The cycle - how it works

For detailed information on individual components in this circuit see resistors,  capacitors and  transistors.

Stage 1 – The 10uF electrolytic capacitor charges. 

Both the transistors are off and the 10uF electrolytic capacitor charges via the 330K and the 22R resistor.  As this capacitor charges, the voltage at the junction of the 330K resistor, the 10uF capacitor and the base of the BC548 transistor rises.  When the voltage rises to about 6V the transistor begins to conduct from the collector to the emitter.

Stage 2 – The BC558 transistor turns on. 

With the BC548 transistor conducting, the BC558 transistor is turned on via the 1K resistor with the 0.01uF capacitor limiting the effectiveness of the 1K resistor (or makes it sluggish).  This illuminates the LED via the 22R resistor which limits the current through the LED to a safe level.

Stage 3 – The beginning of the ‘turn off’
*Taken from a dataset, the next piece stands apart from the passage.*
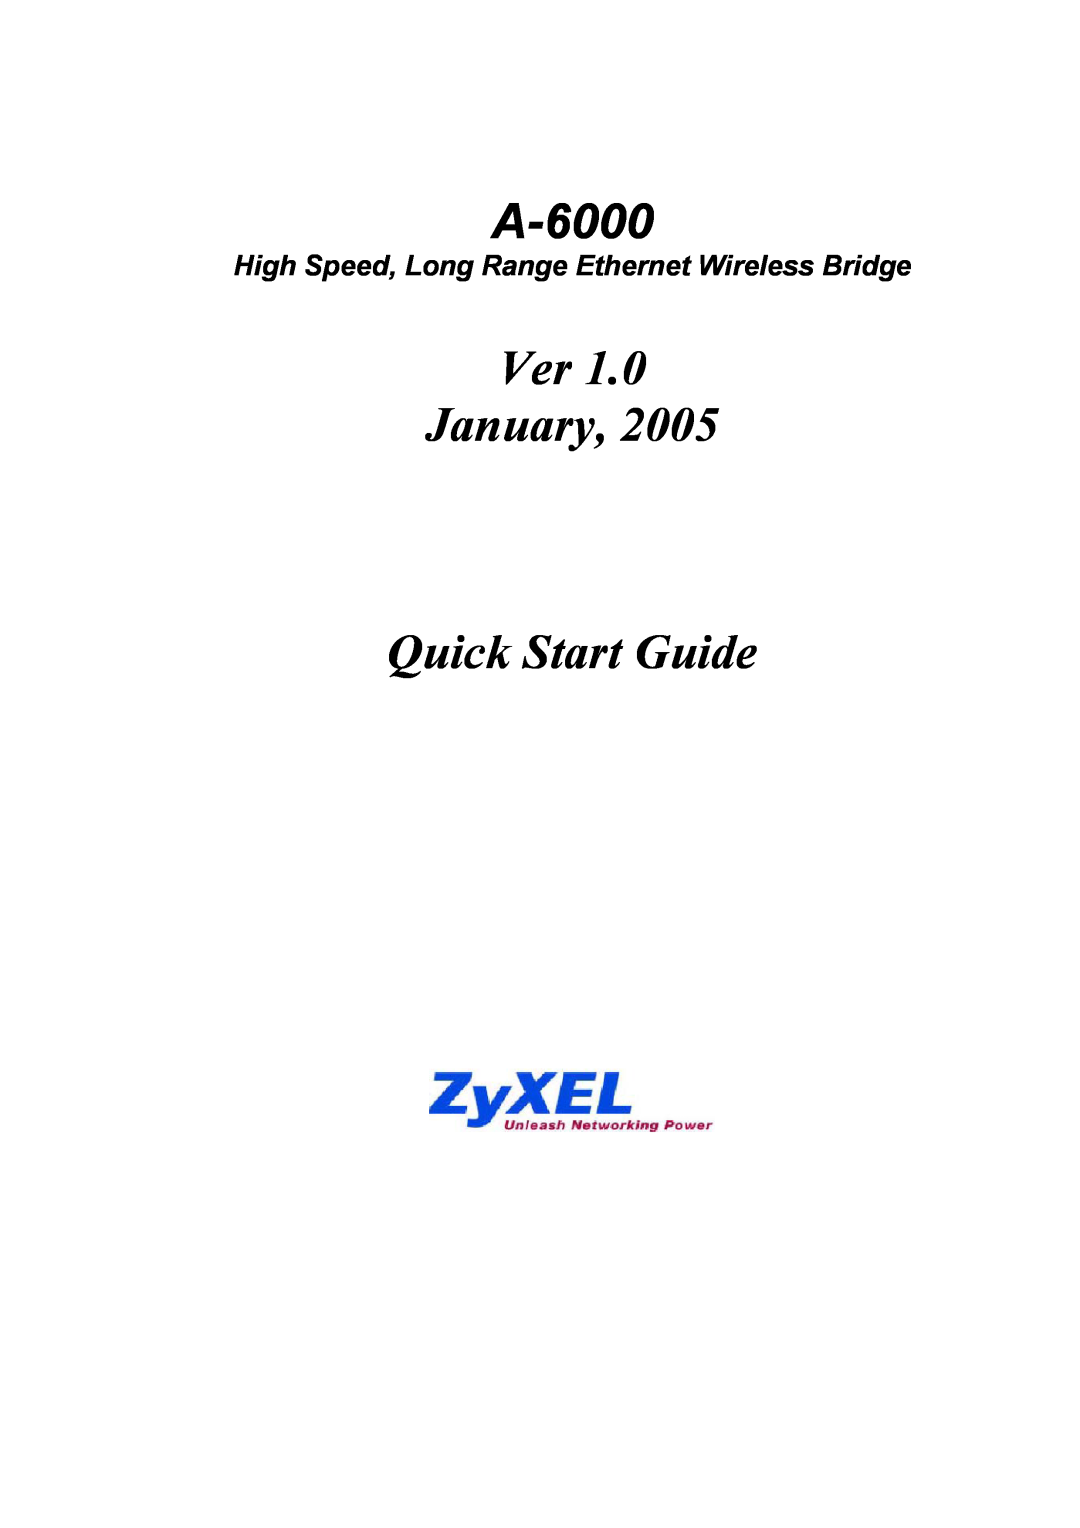 ZyXEL Communications A-6000 quick start Ver January Quick Start Guide, High Speed, Long Range Ethernet Wireless Bridge 
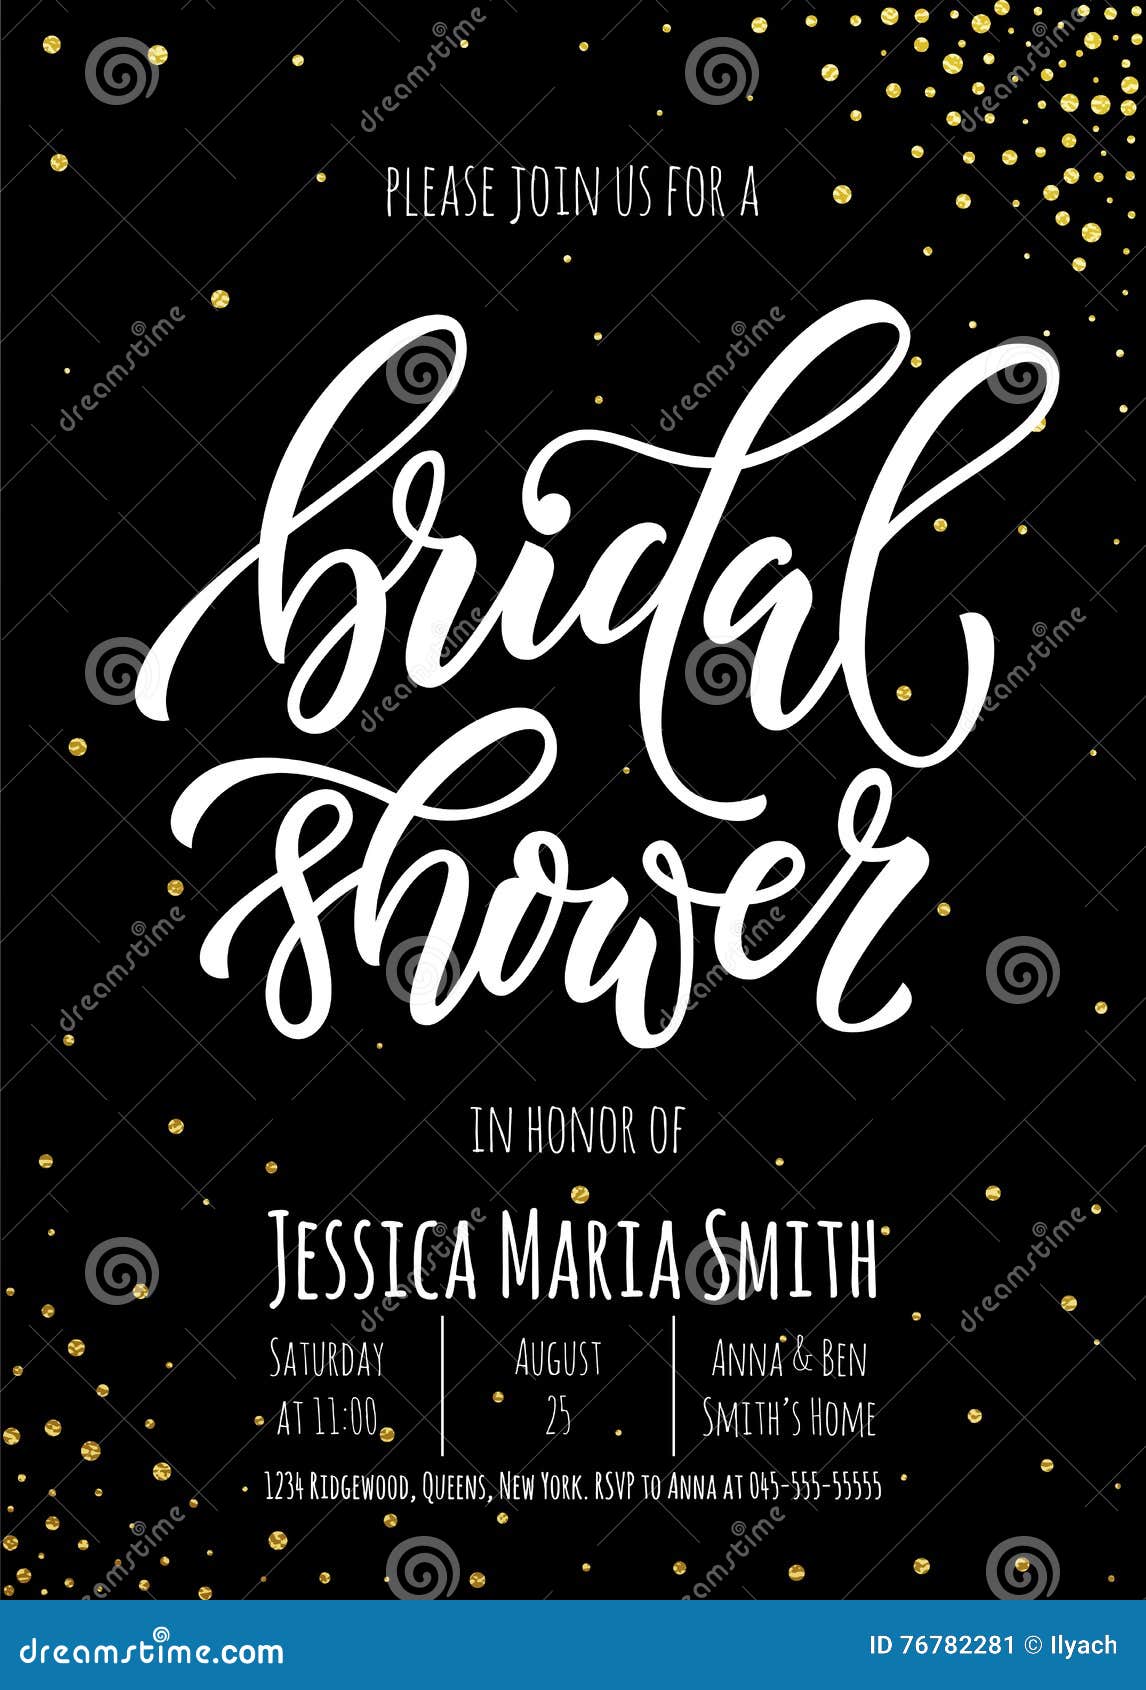 Bridal Shower Invitation Card Template. Stock Illustration Within Bridal Shower Banner Template

As a result of the BC558 turning on, the voltage at the collector of this transistor jumps up – let’s call it V1.  The electrolytic capacitor is still charged and let’s call it’s voltage V2.  So now the junction of the 10uF capacitor, 330K resistor and the base of the BC548 rises sharply from “V2” to “V1+V2”.  With this higher voltage on the Base of the BC548, it turns on harder and the 10uF capacitor begins to discharge rapidly (through the B to E path in the BC548).  In a short time the 10uF capacitor has discharged and the BC548 turns off.

Stage 4 - The BC558 turn off.

With the 0.01uF capacitor again limiting the effectiveness of the 1K resistor, the BC558 begins to turn off.  And the LED begins to extinguish. This continues, the LED turns off and the voltage at the junction of the 22R, 10uF and the collector of the BC558 drops.  With both the transistors off, the cycle starts again.